Dale Boccabella

A major anomaly in the capital gains taxation should be the target of a federal government seeking to increase tax revenue. Discount capital gains tax for individuals is very odd.

A wage earner on income above $37,000 will face a tax rate of 34% on income above that amount. When the income reaches $80,000, every extra dollar is taxed at 38.5%. Yet, the most that is payable on a discount capital gain is 23.25%.

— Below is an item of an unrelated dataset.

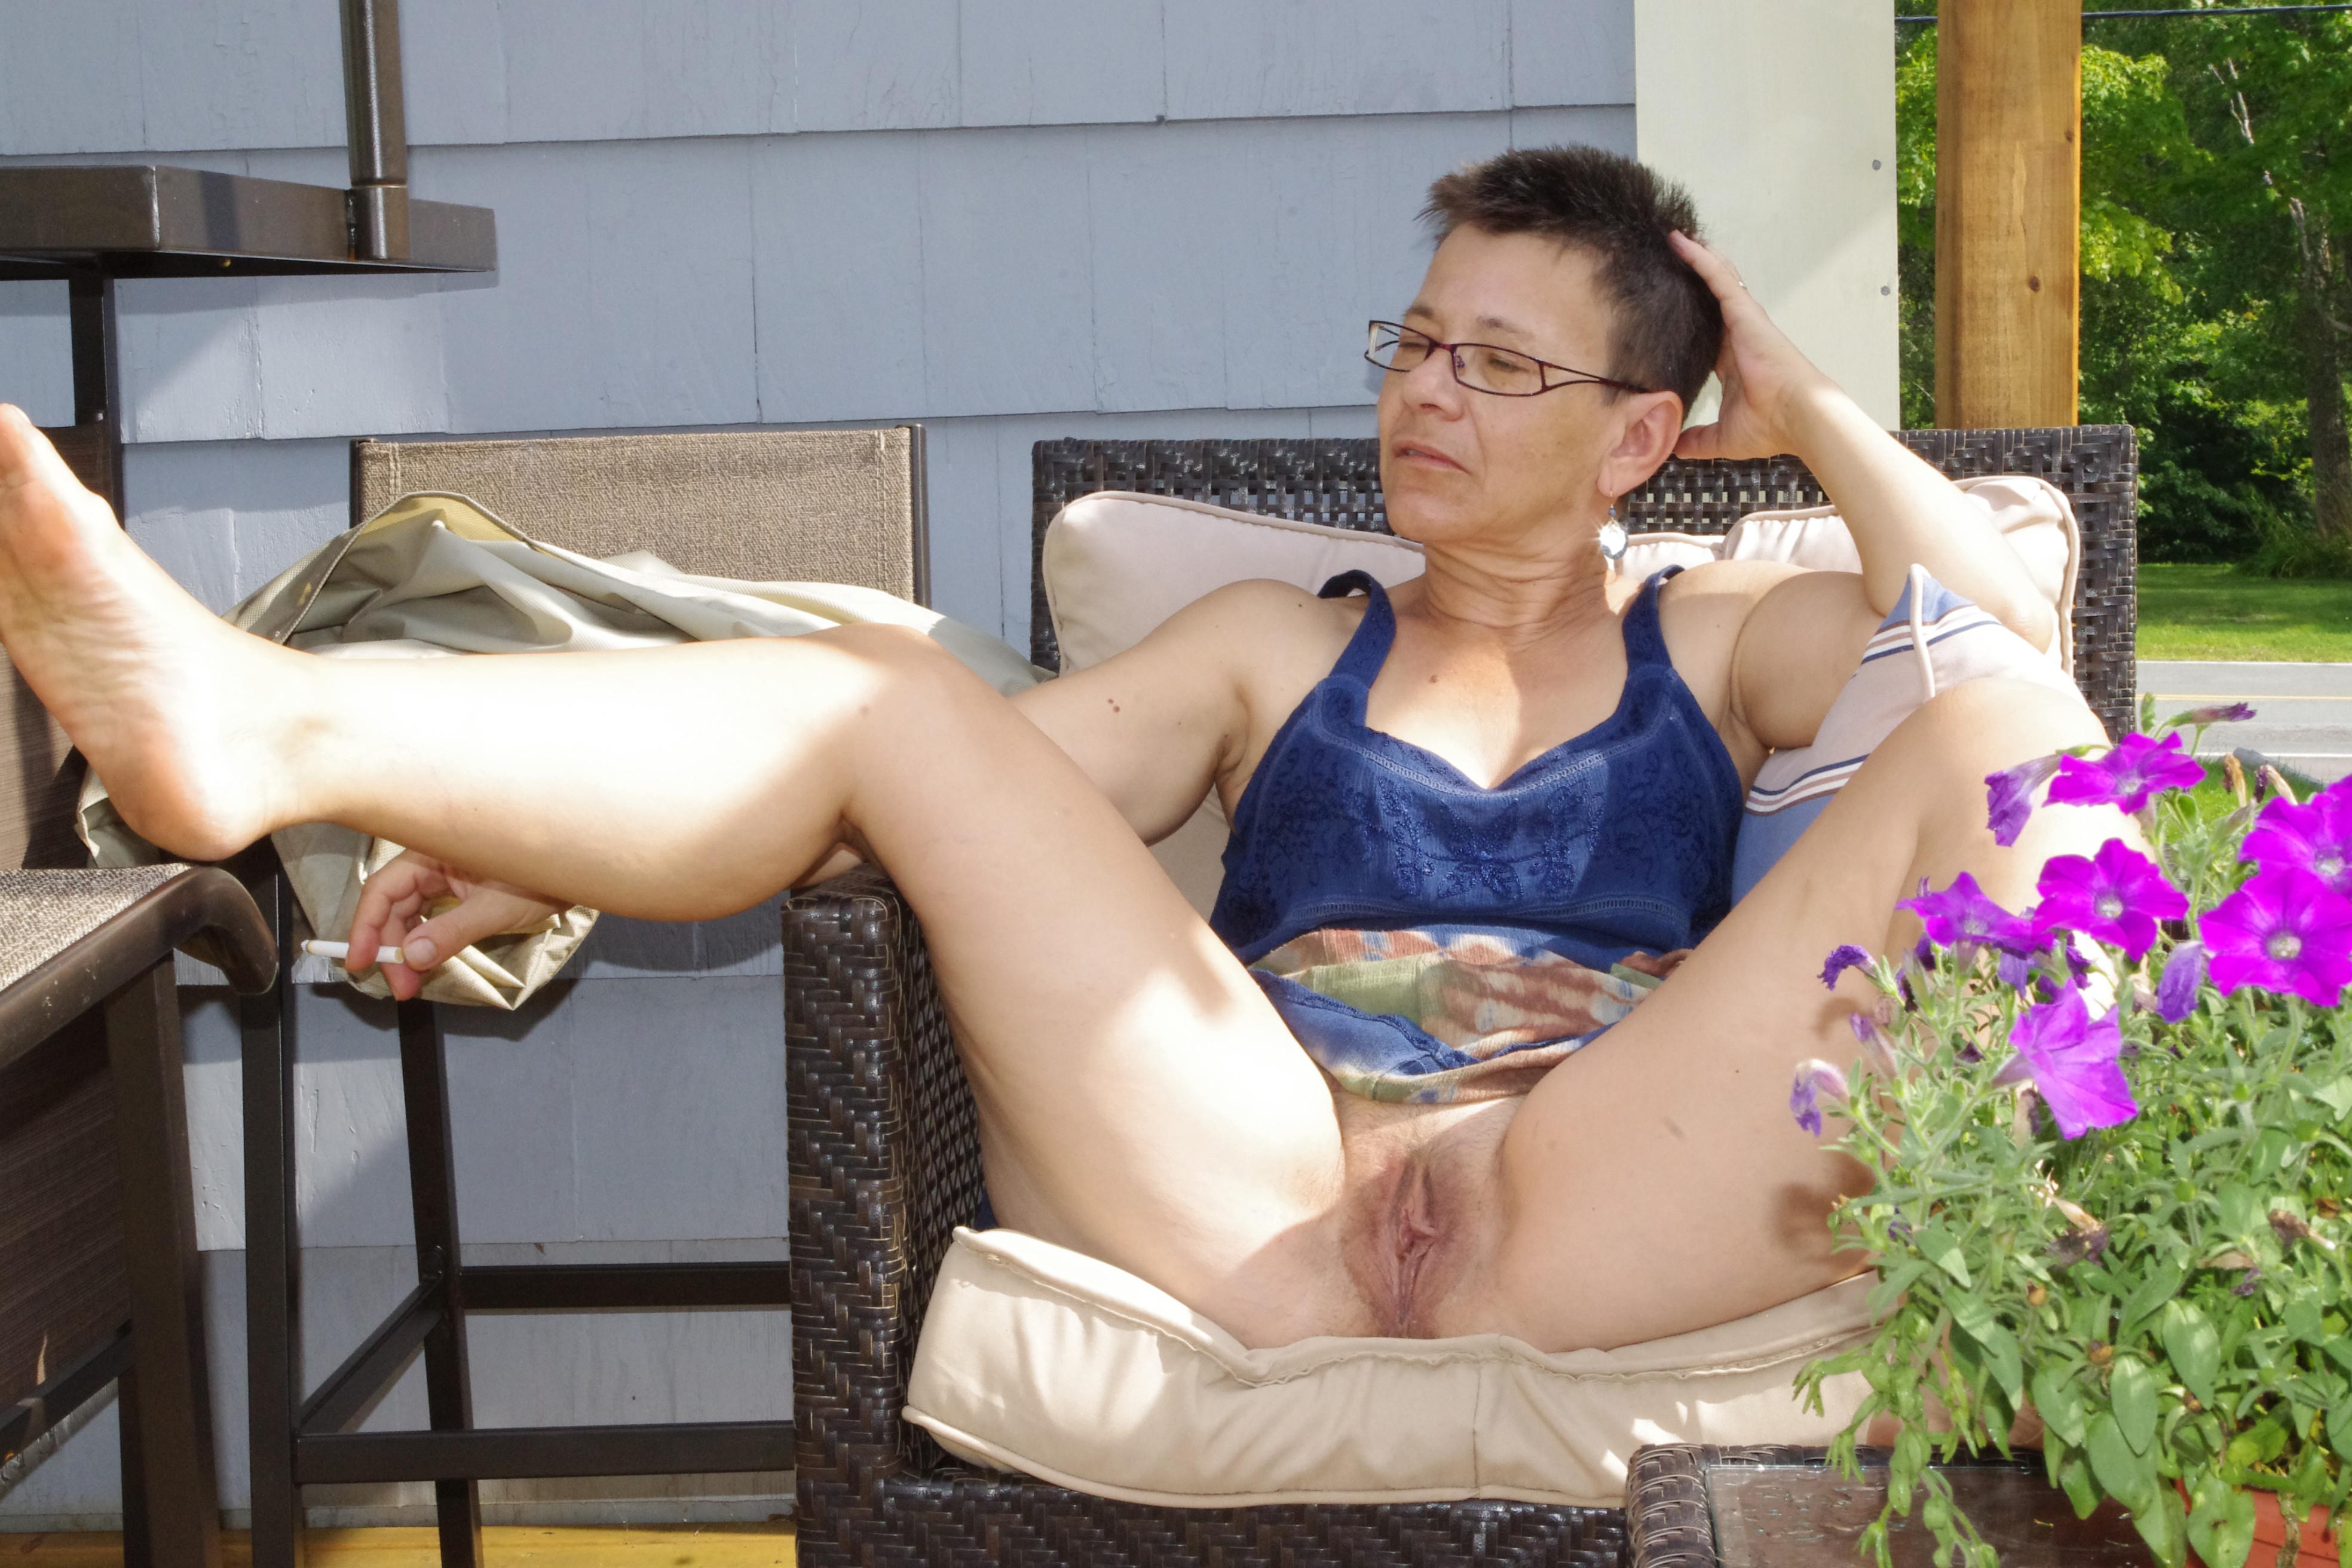 hårig mogen kvinna vill knulla kåta män gränna

Discount capital gains for an individual means that a person only gets taxed on half of the capital gain they make – only $5,000 of a $10,000 gain would be taxed. The effect is that a person on the top marginal rate of tax (earning income over $180,000) would only pay a rate of 23.25% on a capital gain (50% of the top marginal rate of tax of 46.5%). A person on the tax rate one down from the top marginal rate (income above $80,000 but below $180,000) would only pay a rate of 19.25% on a capital gain (50% of the 38.5% marginal rate band).

Why do we have such anomalies or differential treatment in the tax law? After all, isn’t a buck a buck, and therefore they should all be taxed in a similar way? Yes, a buck is a buck in terms of economic well being, and for accounting purposes, but for tax purposes, not every buck is quite the same.

This begs the question why?

Governments and the Henry Tax Review have come to accept that different taxes may have different effects on taxpayer behaviour, and that as far as possible, tax measures that have a damaging effect on investment and economic growth should be avoided.

Anomalies can therefore arise from this desire to avoid the damaging aspects of a tax measure. Badly designed taxes can have the effect of changing the behavior of taxpayers to the detriment of the economy.

But, fairness is at the top of many peoples’ wishlist when it comes to the design of a tax, and fairness is all about contributions to the public revenue. The ‘Warren Buffett’ type anomaly – whereby the billionaire Warren Buffett faced a lower tax rate on his income than the rate faced by his secretary – should be seen in the light of this tension between minimising damaging taxes and fairness.

Dale Boccabella is an Associate Professor of Taxation Law at the Australian School of Business.